Cars \(A\) and \(B\) travel in a straight line. The distance of \(A\) from the starting point is given as a function of time by \(x_A(t) = \alpha{t} + \beta{t}^2\), with \(\alpha =\) 2.60 m/s and \(\beta =\) 1.20 m/s\(^2\). The distance of \(B\) from the starting point is \(x_B(t) = \gamma{t}^2 - \delta{t}^3\), with \(\gamma =\) 2.80 m/s\(^2\) and \(\delta =\) 0.20 m/s\(^3\). (a) Which car is ahead just after the two cars leave the starting point? (b) At what time(s) are the cars at the same point? (c) At what time(s) is the distance from \(A\) to \(B\) neither increasing nor decreasing? (d) At what time(s) do \(A\) and \(B\) have the same acceleration?

Short Answer

Expert verified
(a) Car A. (b) Solve: \( t = \frac{-1.60 \pm \, \text{sqrt}((1.60)^2 - 4(-0.20)(-2.60))}{2(-0.20)} \). (c) Solve: \( 0.60t^2 - 3.00t + 2.60 = 0 \). (d) \( t = \frac{3.20}{1.20} \).

Step by step solution

01

Initial Distance Comparison

To determine which car is ahead just after the start, we evaluate their distances at a small time, i.e., just after the start, let's calculate the value at \(t = 0^+\).\( x_A(0^+) = \alpha \cdot 0 + \beta \cdot 0^2 = 0 \text{ m}\)\( x_B(0^+) = \gamma \cdot 0^2 - \delta \cdot 0^3 = 0 \text{ m}\)At \(t = 0\), \(x_A = 0\) and \(x_B = 0\), hence they are at the same position.
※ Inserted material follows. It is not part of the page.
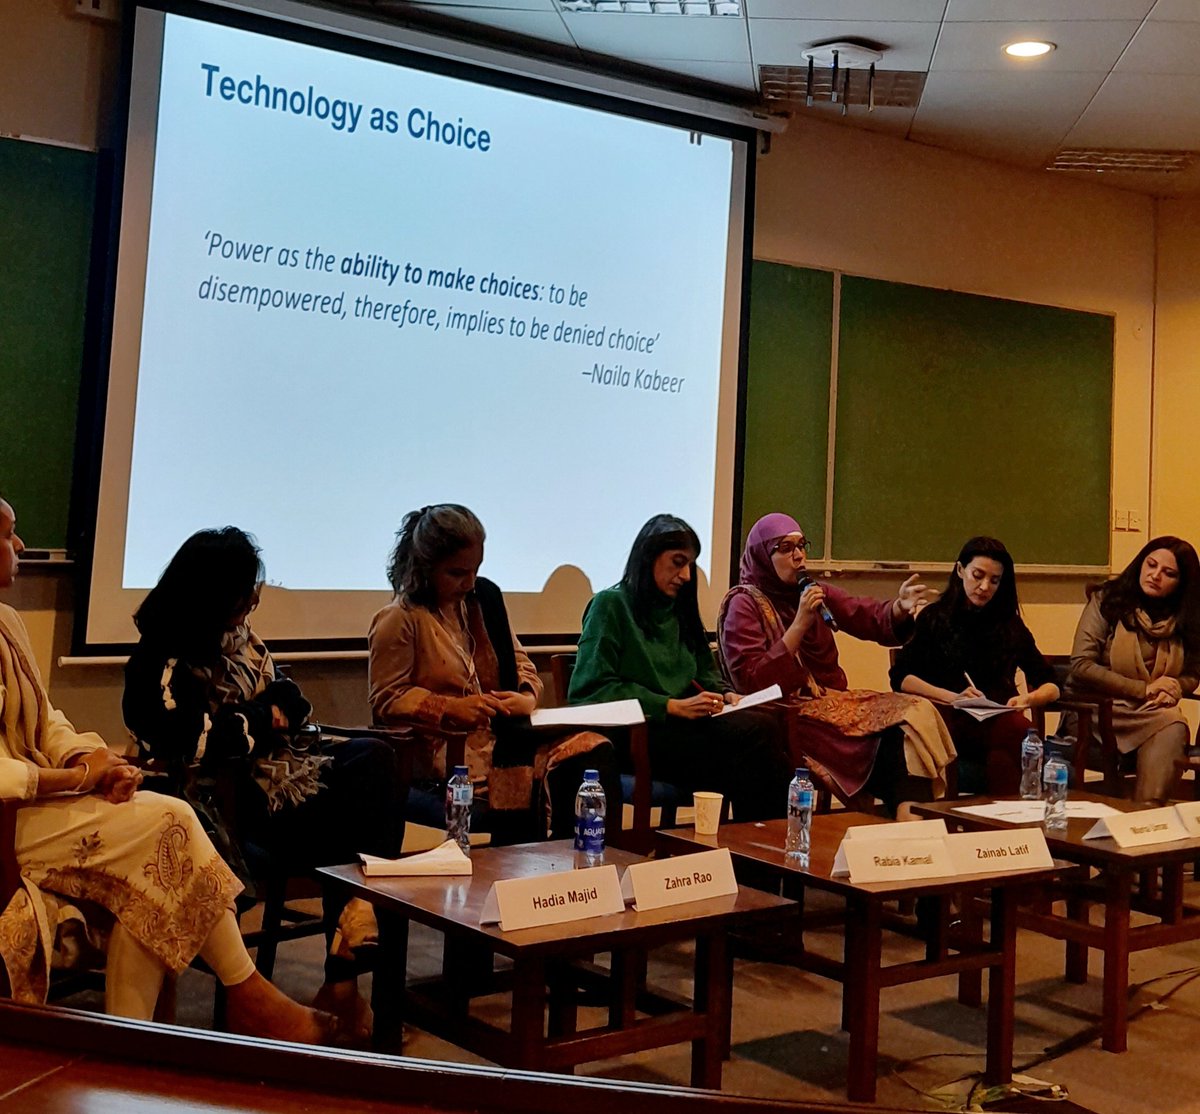 Highlights of the #Path2Dev -  conferences are needed -thanks @HaqMahbub @IDEASpak @CDPRPak @CERPakistan @IGC_Pakistan - I got to meet reseachers, thinkers and people doing some great work in our communities locally& internationally. When we work together,  we see a change.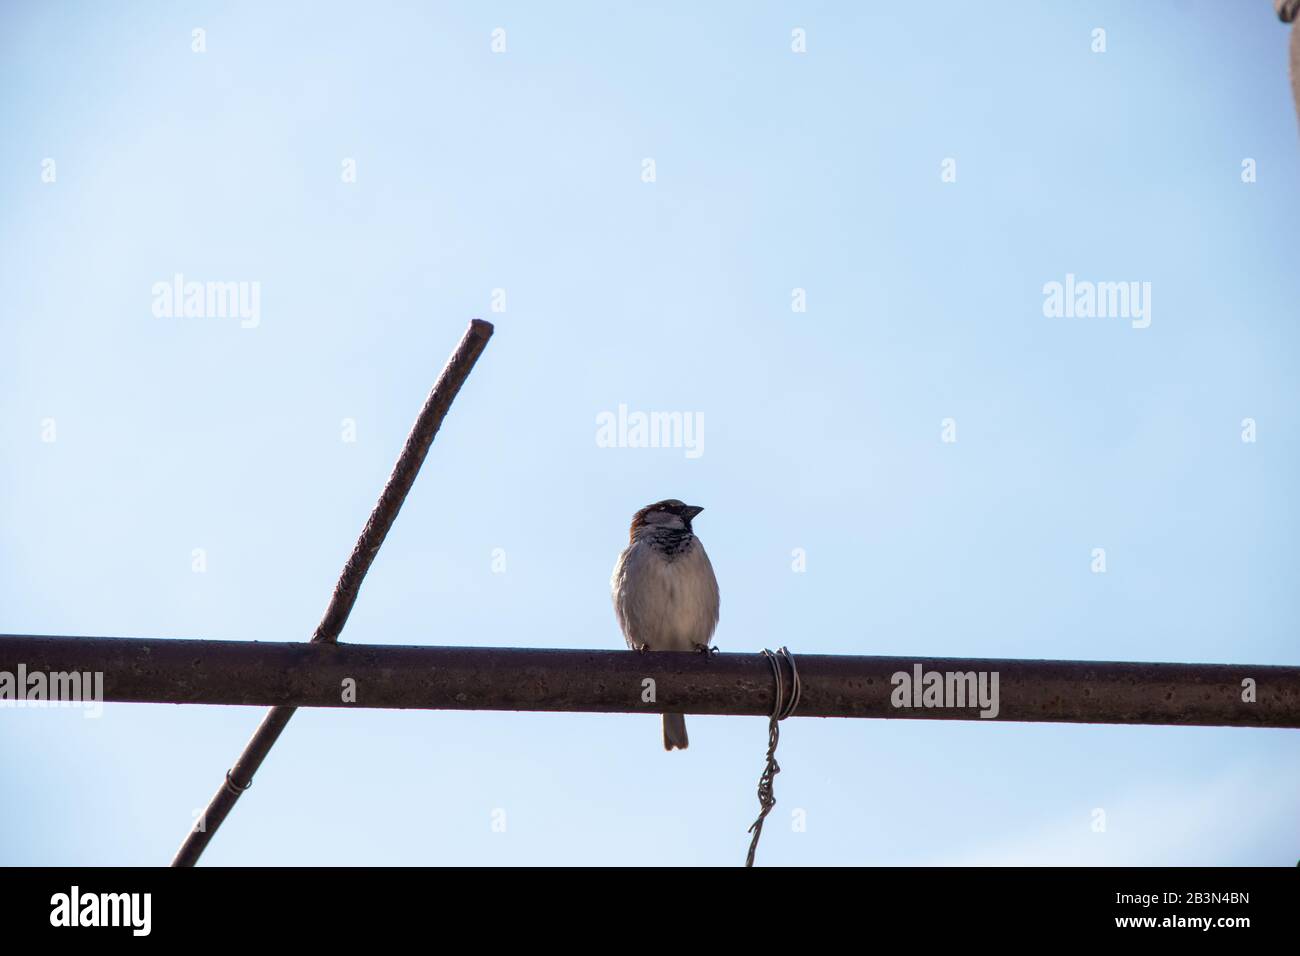 One sparrow sits on a pipe on the background of a blue spring sky with copyspace Stock Photo

Just after this point, we need to evaluate the derivatives to see who starts moving away more rapidly.\(x_A'(t) = \alpha + 2\beta{t} = 2.60 + 2(1.20)t = 2.60 + 2.40t\)\(x_B'(t) = 2\gamma{t} - 3\delta{t}^2 = 2(2.80)t - 3(0.20)t^2 = 5.60t - 0.60t^2\)Initially, for a very small \(t\), \(x_A\) has a non-zero speed, while \(x_B\) does not move at \(t = 0\) since \(5.60t - 0.60t^2\approaches 5.60t\to 0 \, \text{ as } \, t\to 0\). So, Car \(A\) moves away first, hence Car \(A\) is initially ahead.
02

Find Intersection Time

To find when the cars meet again, solve for \(x_A(t) = x_B(t)\).\( \alpha{t} + \beta{t}^2 = \gamma{t}^2 - \delta{t}^3\)Substitute the values of \(\alpha, \beta, \gamma, \text{ and } \delta\):\( 2.60t + 1.20t^2 = 2.80t^2 - 0.20t^3\)Rearrange the equation:\( 0 = -0.20t^3 + 1.60t^2 - 2.60t\)Factor out the common factor of t:\( t(-0.20t^2 + 1.60t - 2.60) = 0\)So, the solutions are \(t = 0\) or solve the quadratic:\(-0.20t^2 + 1.60t - 2.60 = 0\)Using the quadratic formula, \(t = \frac{-b \pm \sqrt{b^2 - 4ac}}{2a}\), with \(a = -0.20, b = 1.60, c = -2.60\):\(t = \frac{-1.60 \pm \sqrt{(1.60)^2 - 4(-0.20)(-2.60)}}{2(-0.20)}\)Calculate to find the valid positive time values.
03

Distance Change Analysis

For the distance from A to B to neither increase nor decrease, the derivative of the distance needs to be zero.Distance \(D(t) = x_B(t) - x_A(t)\).\(D'(t) = x_B'(t) - x_A'(t)\)\(D'(t) = (5.60t - 0.60t^2) - (2.60 + 2.40t)\)Simplify and find when \(D'(t) = 0\):\(3.00t - 0.60t^2 = 2.60\)Rearrange and solve this quadratic:\(0.60t^2 - 3.00t + 2.60 = 0\)Use the quadratic formula again to find the time.
04

Acceleration Comparison

Find the accelerations and equate them to find when they are the same.Acceleration of Car A, \(a_A = x_A''(t) = 2\beta = 2.40\,\text{m/s}^2\).Acceleration of Car B, \(a_B = x_B''(t) = 2\gamma - 6\delta{t} = 5.60 - 1.20t\).Equate these:\(2.40 = 5.60 - 1.20t\)Solve for \(t\) to find when these accelerations are equal.\(1.20t = 5.60 - 2.40 = 3.20\)\(t = \frac{3.20}{1.20}\)Calculate to get the time value.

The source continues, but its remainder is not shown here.